>There is Pride & Then There’s Pride: Selfish vs. Authentic

>The word Pride has entered the room of my mind lately.  We talk a lot about it in this country. We are proud of our troops. We are proud of our country. Some of us have stickers on our cars, which say we are the proud parents of our Honor student at such and such school.

But what does it really mean to be proud?
In the dictionary pride is defined as:
a feeling or deep pleasure or satisfaction derived from one’s own achievements, the achievements of those with whom one is closely associated, or from qualities or possessions that are widely admired • the consciousness of one’s own dignity • the quality of having an excessively high opinion of oneself or one’s importance the sin of pride.• a person or thing that is the object or source of a feeling or deep pleasure or satisfaction 
I see two qualities of pride listed in this definition. One I would call Authentic Pride and the other Selfish Pride, and it seems our pride can and should evolve from one to the other.
Do we think we come from selfish beginnings; that is, born of the sin of pride? Or did we evolve into this place of selfish pride? Do we think we can evolve beyond selfish pride, and into pride which is authentic?  If so, how? 
Where is the evolution of your pride?
I have never been a fan of the I am the proud parent of my honor student bumper sticker. At Waldorf, where my child attends, their bumper sticker reads: every child is an honored student at Waldorf.  I also have never been one to proudly flash my flag on my car or in front of my house, or anywhere for that matter. Not even on the 4th of July. However after 9-11 I bought my first American flag and stuck it on my car. I took off the sticker shortly after the authentic pride began to feel exclusive to only the “right” Americans, and arrogance took over the land. 
Selfish pride makes us feel we are somehow special and unique, as if our trials and our triumphs could never be like anyone else’s. We don’t ask for help when we need it, and some don’t even know they need it.  This kind of pride, if encouraged long enough can break us off into the sea where we are now an island all by ourself; therefore making us feel even more special and unique. 
Selfish pride can ruin a relationship. It can and has ruined a country, but all that it takes is one authentic moment of pride to turn the ruin into triumph.  We witnessed this moment the night Barack Obama was elected and he walked onto the stage at Grant Park.  This moment of Pride was not only of his own,  but one for us all. He did not have a “I have got them now to do what I would like” grin on his face. He had a “We have got eachother to do what we all can do” smile on his face.   His eyes were not gleaming with arrogance. His eyes shining soft and humble. He did not prance around on the stage as if to say look at me. He graciously walked onto the stage as if to say, look at us.  

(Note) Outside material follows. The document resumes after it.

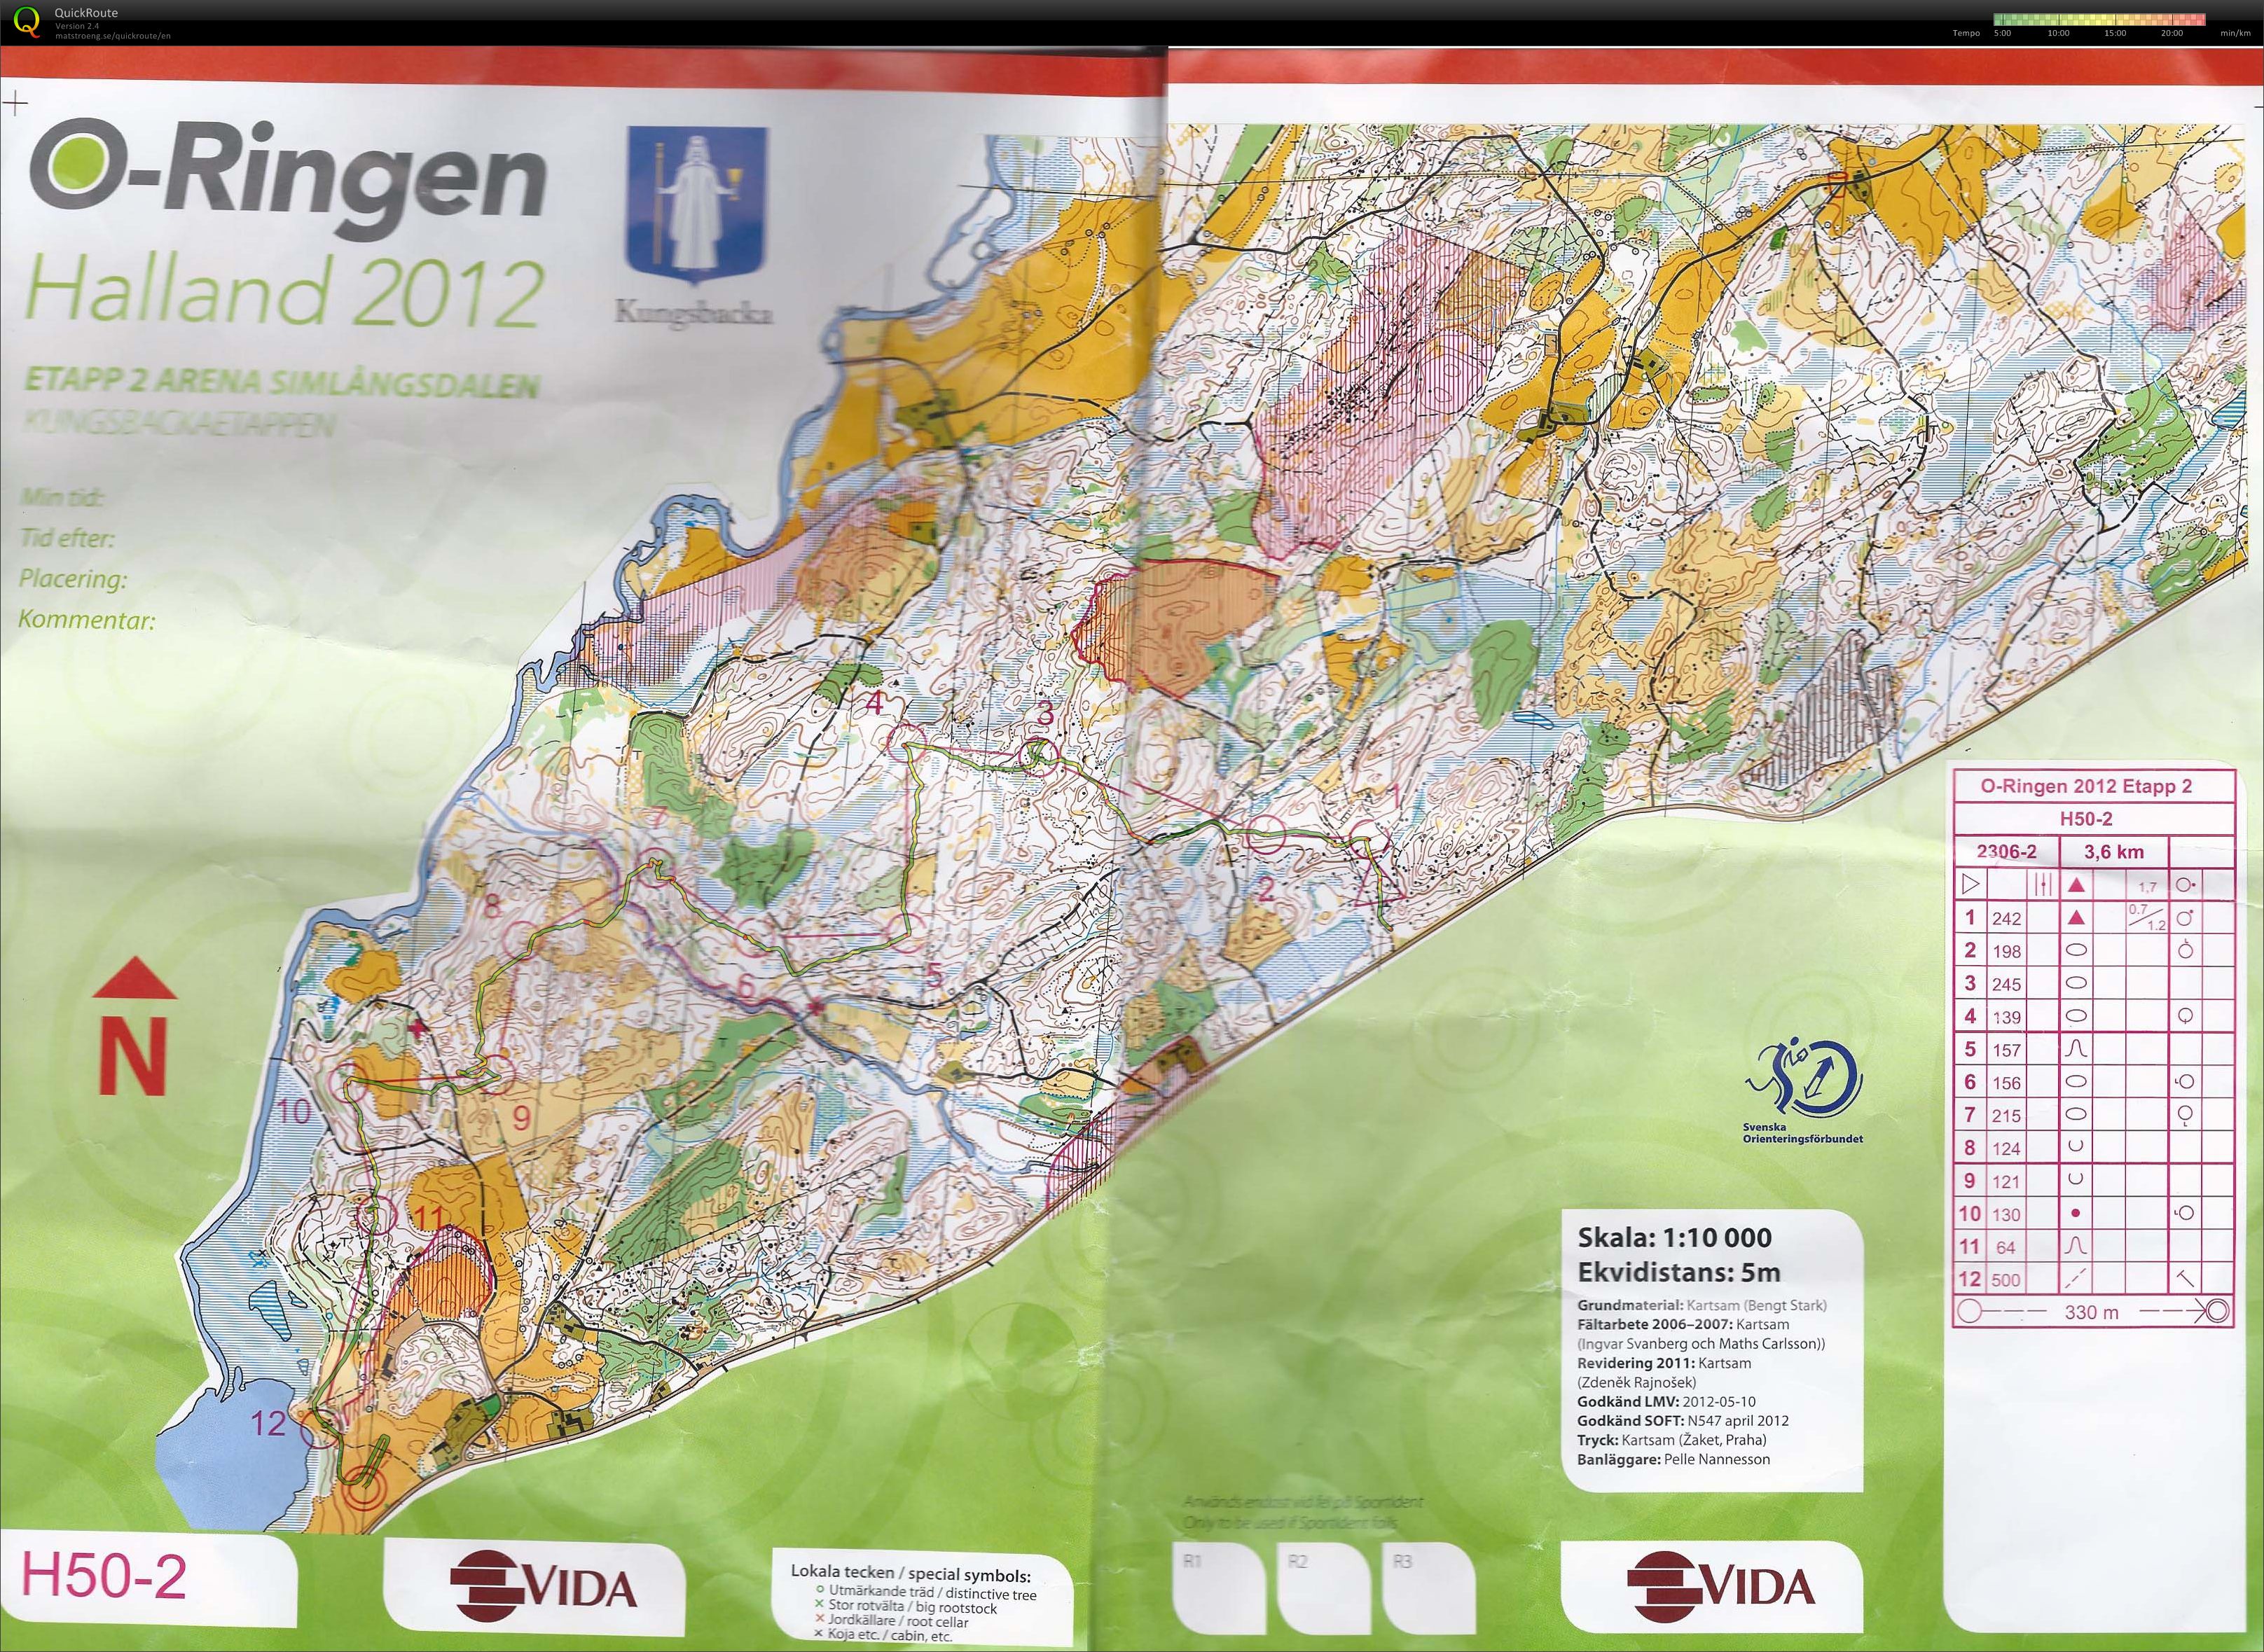 O-ringen 2012 2 etape (23/07/2012)

I am inspired we will as a nation turn our once selfish Pride, believing we were special and unique, and turn into authentic Pride where we know we are looking toward the same horizon. But it won’t be easy.  What must we sacrifice in order to JOIN the land once again from our isolation out at sea?  
We can begin by investigating our own sense of pride.  What are we proud about? For example, are we proud of our children?  Is it only our children we feel proud about?  Do we feel the need to tell others how proud we are?  How does it make us feel when we tell them?  Does it feel centered in the heart or in the head?  Does it feel shallow or deep?  For instance in the head, there might be thoughts such as- look at how great my kid is or in the heart there is a quiet, deep pride where we feel grateful for the way our child is developing and we appreciate all the intricacies of our child. We may even want to expand ourselves to help other children and we feel no need to voice any of this. 
Which feels more real?  The easiest way to tell if our pride is authentic or selfish is to ask if it supports only our own beliefs and agenda- the part of us that needs recognition, or does it serve something larger.  Is it inclusive or exclusive?   
To come to a space inside of our selves where we can be full of pride in a gracious, inclusive and accepting way means we must look at where we are not, and deciding if we want to feel more separate- out in the sea alone or joined together with everyone and everything where we know we are all special.  If so, we must give up our desire to be a special island for others to hopefully admire.  We must instead choose to bring our special island back to the shore and reunite with the land.  It is here where we can truly restore our world together. 
To feel the pride of togetherness will fill our entire being with joy and gratitude. To allow this to fill us will become so pleasant we will not be able to go back to where we are separately prideful. It will be too painful.  But first we must choose where we will stand. Together or alone.